Semi-private IPv4 ranges (like 100.64.0.0/10, used for carrier-grade NAT) and transitional IPv6 ranges (like ::ffff:0:0/96, used to map IPv4 addresses into IPv6 space) are used in modern networks but are often overlooked in security filters because they're not as well-known as RFC 1918 private ranges. An attacker able to send traffic with a source address in one of these ranges could convince Weblate to treat it as 'private' and therefore trusted, when it shouldn't be.

Can I patch Weblate without downtime?

This depends on your deployment model. If you run Weblate in a container or use a blue-green deployment strategy, patching can often be performed with zero or minimal downtime. If you run a single-instance traditional server, plan for a brief service window. Review the Weblate upgrade guide and test the process in staging before applying to production.

Is there a way to temporarily mitigate this without upgrading?
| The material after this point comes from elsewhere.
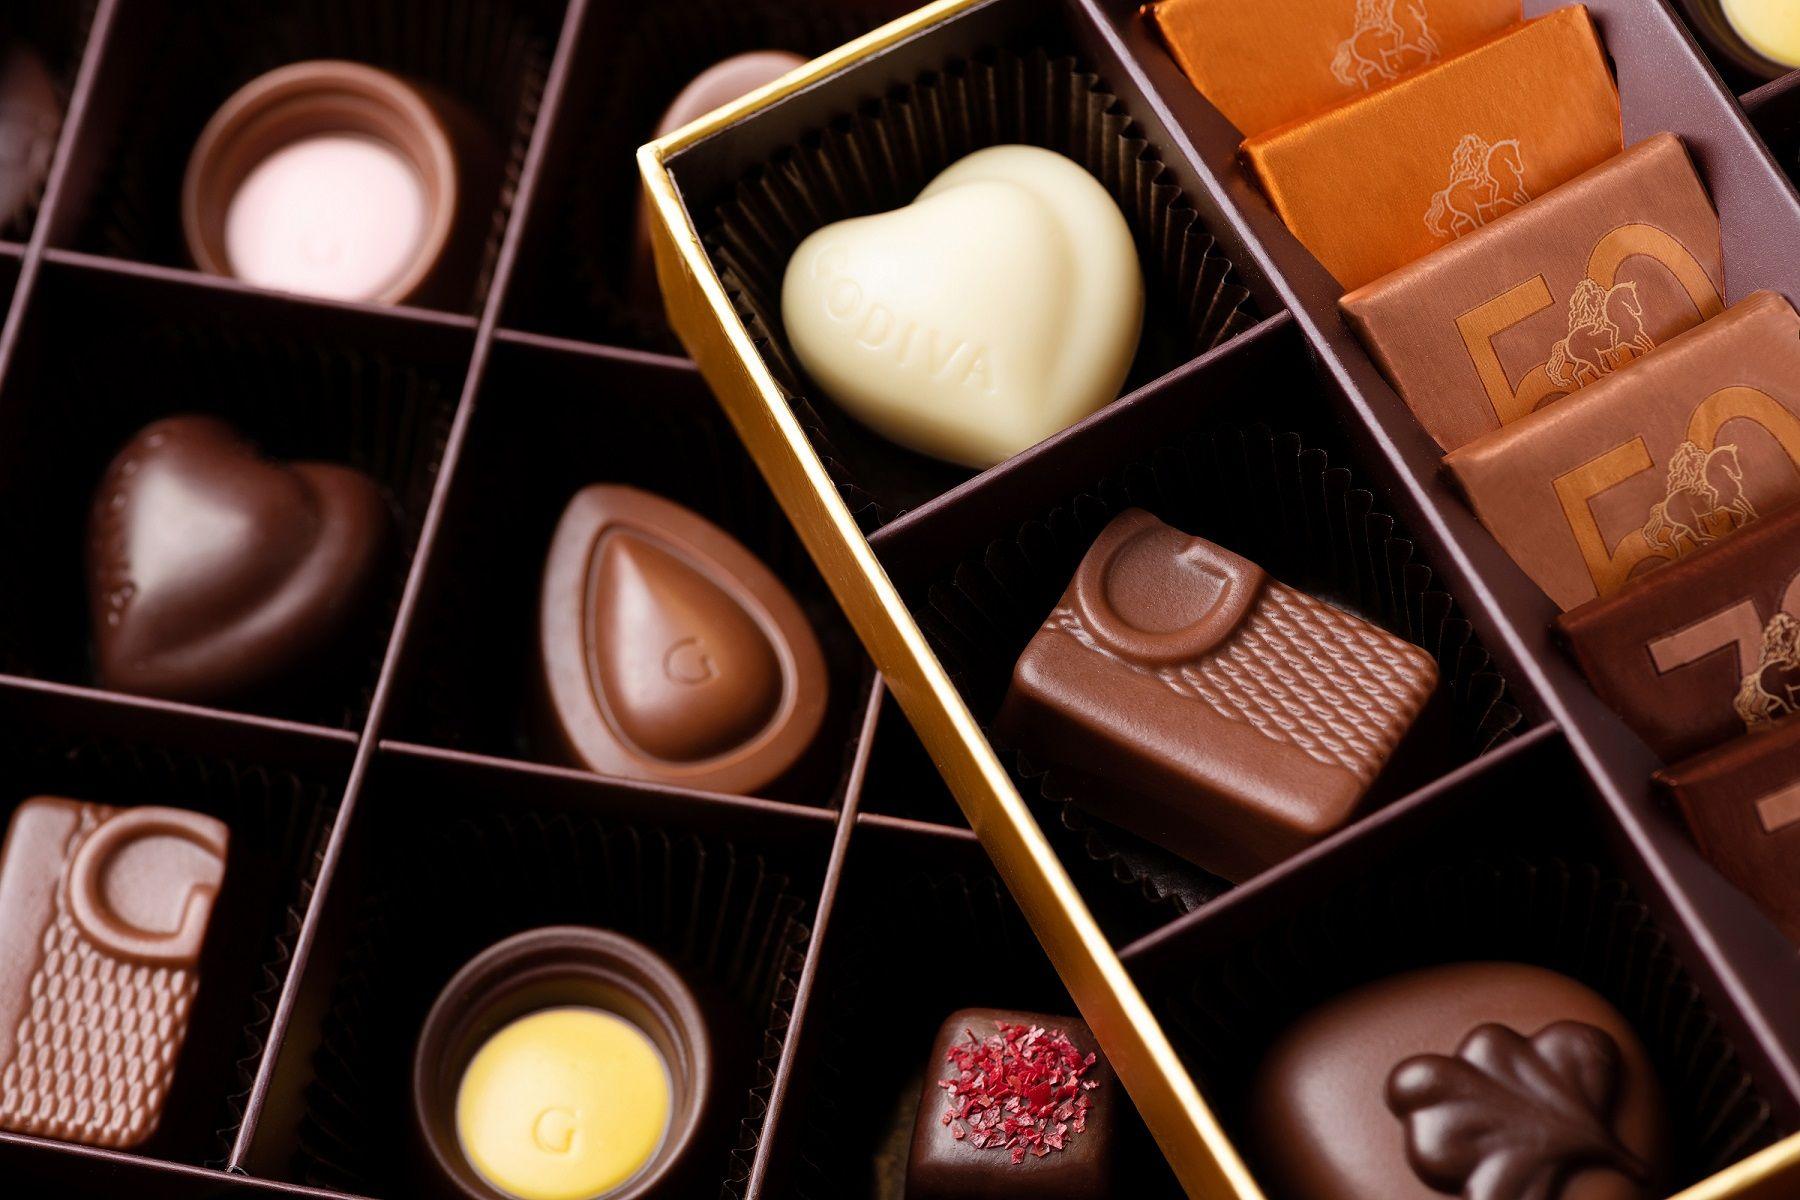 金莎必須改名?明年巧克力品名推新制,想叫巧克力不達「這標準」不給過!

Implement firewall or reverse-proxy rules to restrict network access to your Weblate instance to known trusted networks only. A WAF can also be configured to block requests with source IPs from the problematic ranges (IPv6 fe80::/10, ff00::/8; IPv4 169.254.0.0/16, 100.64.0.0/10, 240.0.0.0/4). This is not a substitute for patching but reduces attack surface while you plan your upgrade.
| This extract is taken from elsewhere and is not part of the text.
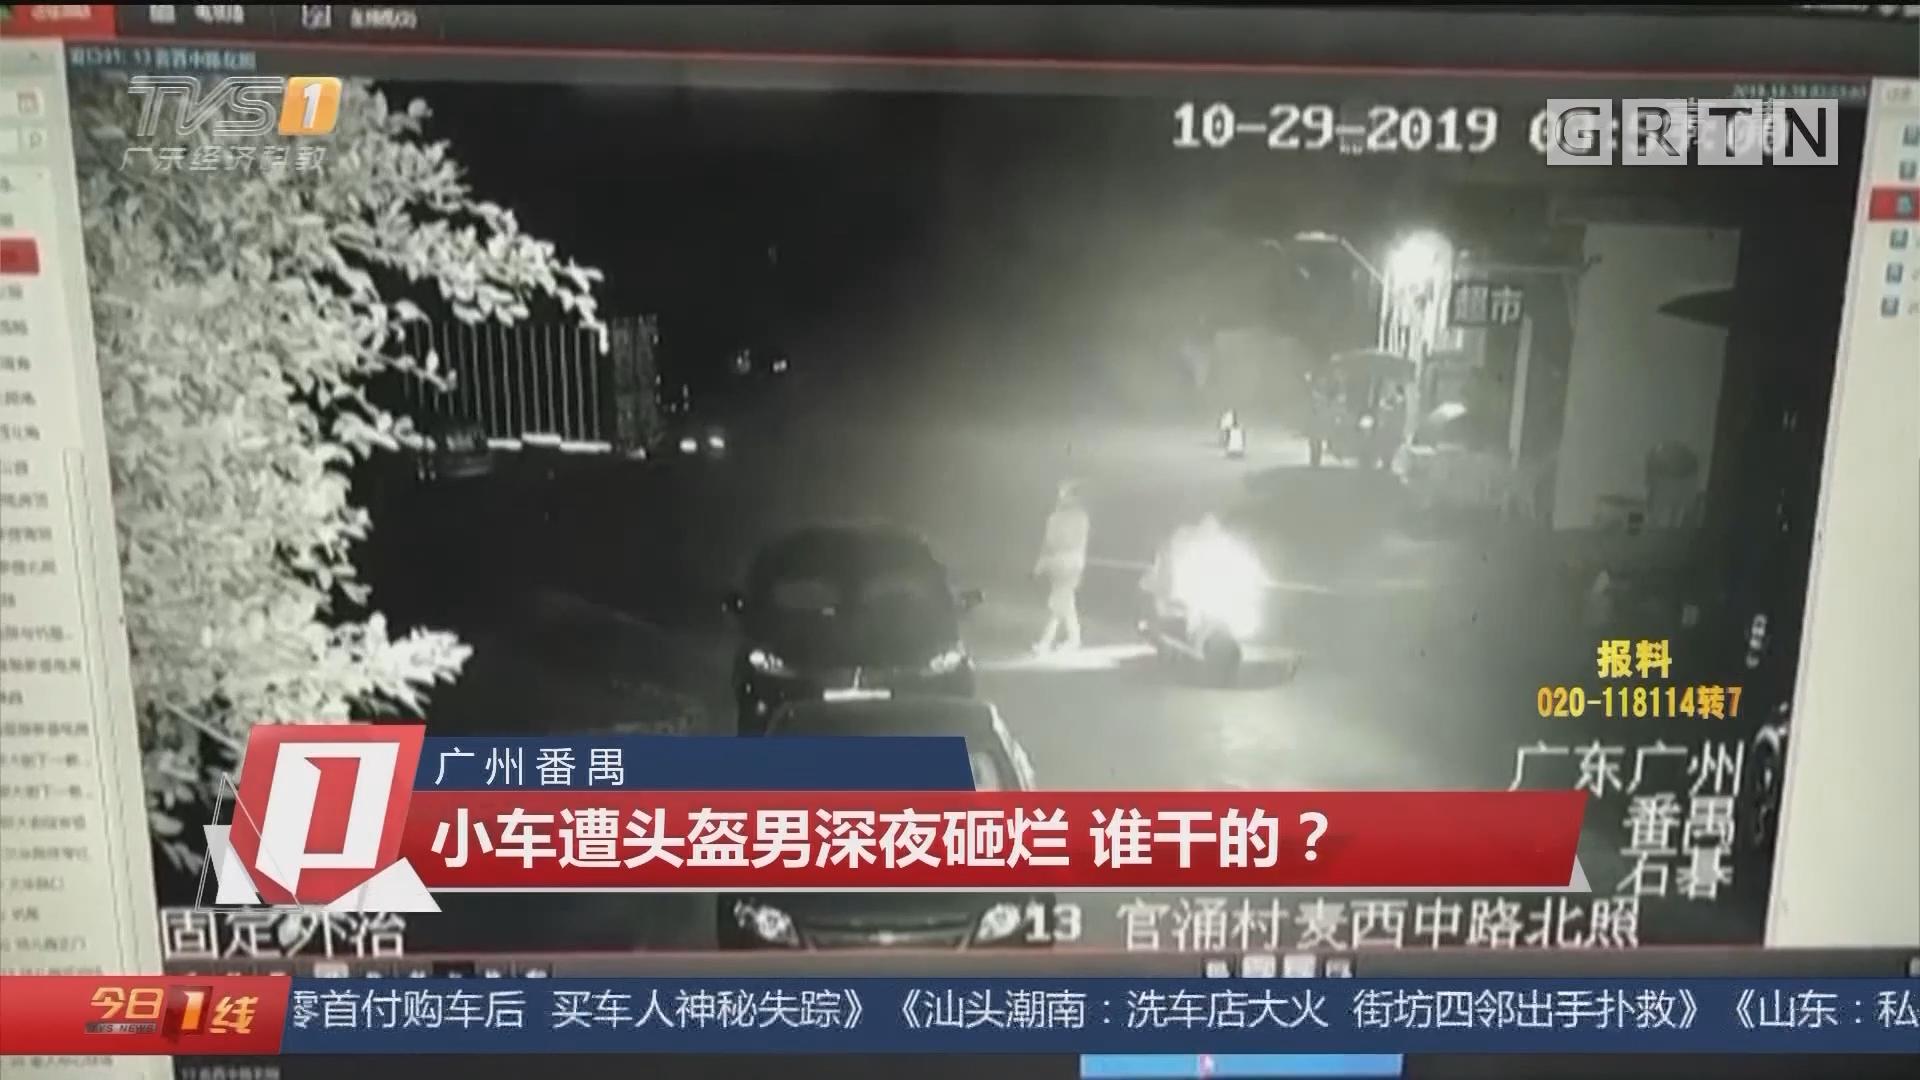 广州番禺:小车遭头盔男深夜砸烂 谁干的?

This analysis is provided for informational purposes by SEC.co and reflects information available as of the publication and modification dates listed. While we strive for accuracy, we make no warranty regarding the completeness or timeliness of the vulnerability details, patch status, or vendor responses. Organizations should verify patch availability and applicability directly with Weblate's official release notes and security advisories. This is not legal or compliance advice. Consult your security and legal teams regarding patch management obligations and timelines specific to your environment and industry. Source: NVD (public-domain), retrieved 2026-07-19. Analysis generated by SEC.co (claude-haiku-4-5).